Department of Cardiology, Medical University Hospital Heidelberg, Heidelberg, Germany (C.S., F.W., A.-R.G., A.R., H.A.K., D.T.); Heidelberg Center for Heart Rhythm Disorders, University Hospital Heidelberg, Heidelberg, Germany (C.S., F.W., A.-R.G., A.R., H.A.K., D.T.); and German Centre for Cardiovascular Research, Heidelberg/Mannheim Partner Site, University of Heidelberg, Heidelberg, Germany (C.S., F.W., H.A.K., D.T.)

出版信息

J Pharmacol Exp Ther. 2018 Jun;365(3):614-623. doi: 10.1124/jpet.118.247692. Epub 2018 Apr 11.

Abstract

Cardiac glycosides have been used in the treatment of arrhythmias for more than 200 years. Two-pore-domain (K) potassium channels regulate cardiac action potential repolarization. Recently, K3.1 [tandem of P domains in a weak inward rectifying K channel (TWIK)-related acid-sensitive K channel (TASK)-1] has been implicated in atrial fibrillation pathophysiology and was suggested as an atrial-selective antiarrhythmic drug target.
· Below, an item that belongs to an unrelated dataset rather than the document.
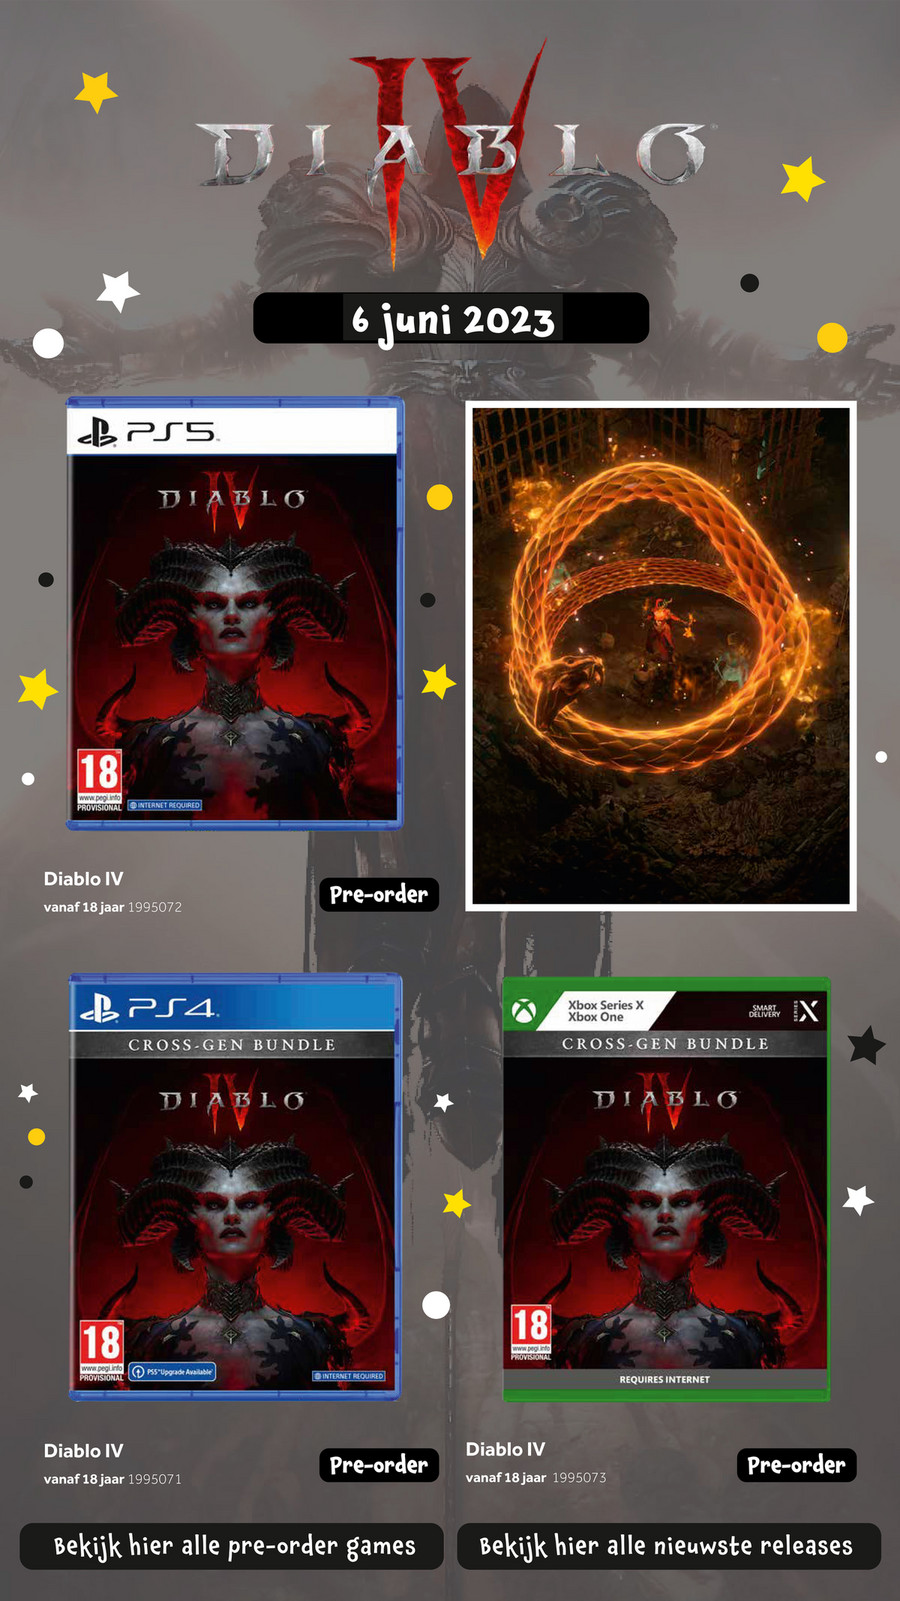 Ligatie prachtig Plaats Intertoys_NL - Intertoys gaming folder 2023 - Xbox Series X & Xbox One  Diablo IV
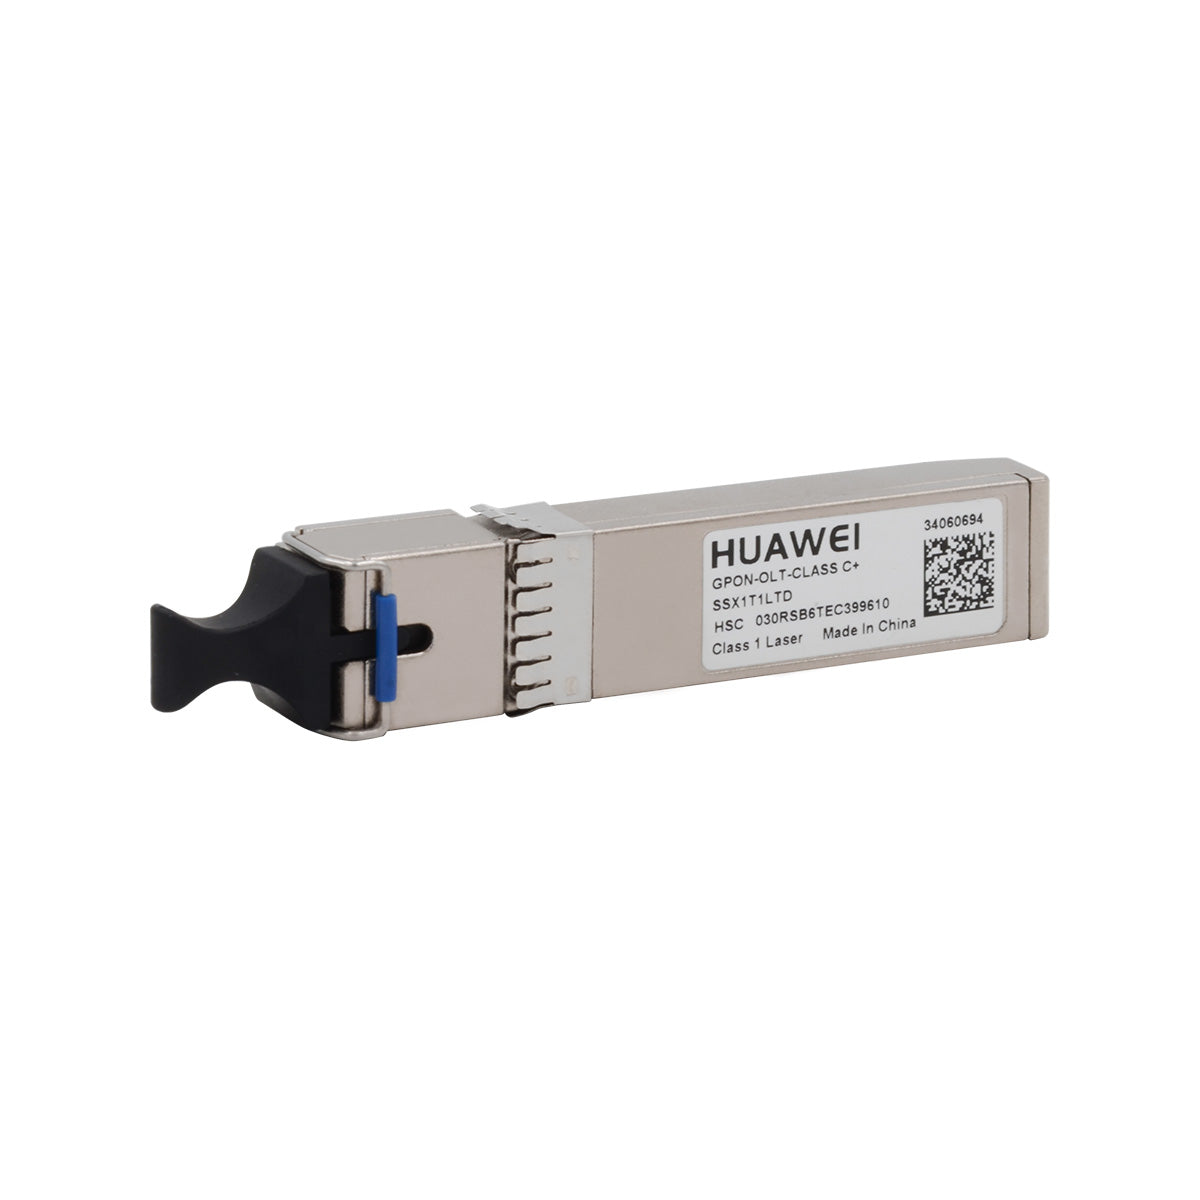 Huawei Original SSX1T1LTD, HSC, GPON-OLT-Class C+ SFP for Huawei GPON Board, 34060694

We hypothesized that blockade of cardiac K channels contributes to the mechanism of action of digitoxin and digoxin. All functional human K channels were screened for interactions with cardiac glycosides. Human K channel subunits were expressed in oocytes, and voltage clamp electrophysiology was used to record K currents. Digitoxin significantly inhibited K3.1 and K16.1 channels. By contrast, digoxin displayed isolated inhibitory effects on K3.1. K3.1 outward currents were reduced by 80% (digitoxin, 1 Hz) and 78% (digoxin, 1 Hz). Digitoxin inhibited K3.1 currents with an IC value of 7.4 M. Outward rectification properties of the channel were not affected. Mutagenesis studies revealed that amino acid residues located at the cytoplasmic site of the K3.1 channel pore form parts of a molecular binding site for cardiac glycosides. In conclusion, cardiac glycosides target human K channels. The antiarrhythmic significance of repolarizing atrial K3.1 current block by digoxin and digitoxin requires validation in translational and clinical studies.

摘要

强心苷类药物在心律失常治疗中已经使用了 200 多年。双孔域 (K) 钾通道调节心脏动作电位复极化。最近,K3.1(串联 P 域在弱内向整流钾通道(TWIK)相关酸敏感钾通道(TASK)-1)被认为与心房颤动病理生理学有关,并被提议作为一种心房选择性抗心律失常药物靶点。我们假设阻断心脏 K 通道有助于地高辛和洋地黄毒苷的作用机制。筛选了所有功能性人 K 通道以检测与强心苷的相互作用。在卵母细胞中表达人 K 通道亚基,并使用电压钳电生理学记录 K 电流。地高辛显著抑制 K3.1 和 K16.1 通道。相比之下,洋地黄毒苷对 K3.1 表现出孤立的抑制作用。K3.1 外向电流分别减少 80%(地高辛,1 Hz)和 78%(洋地黄毒苷,1 Hz)。地高辛抑制 K3.1 电流的 IC 值为 7.4 M。通道的外向整流特性不受影响。突变研究表明,位于 K3.1 通道孔细胞质部位的氨基酸残基构成了强心苷分子结合位点的一部分。总之,强心苷类药物的靶点是人类 K 通道。地高辛和洋地黄毒苷阻断复极化心房 K3.1 电流的抗心律失常意义需要在转化和临床研究中进行验证。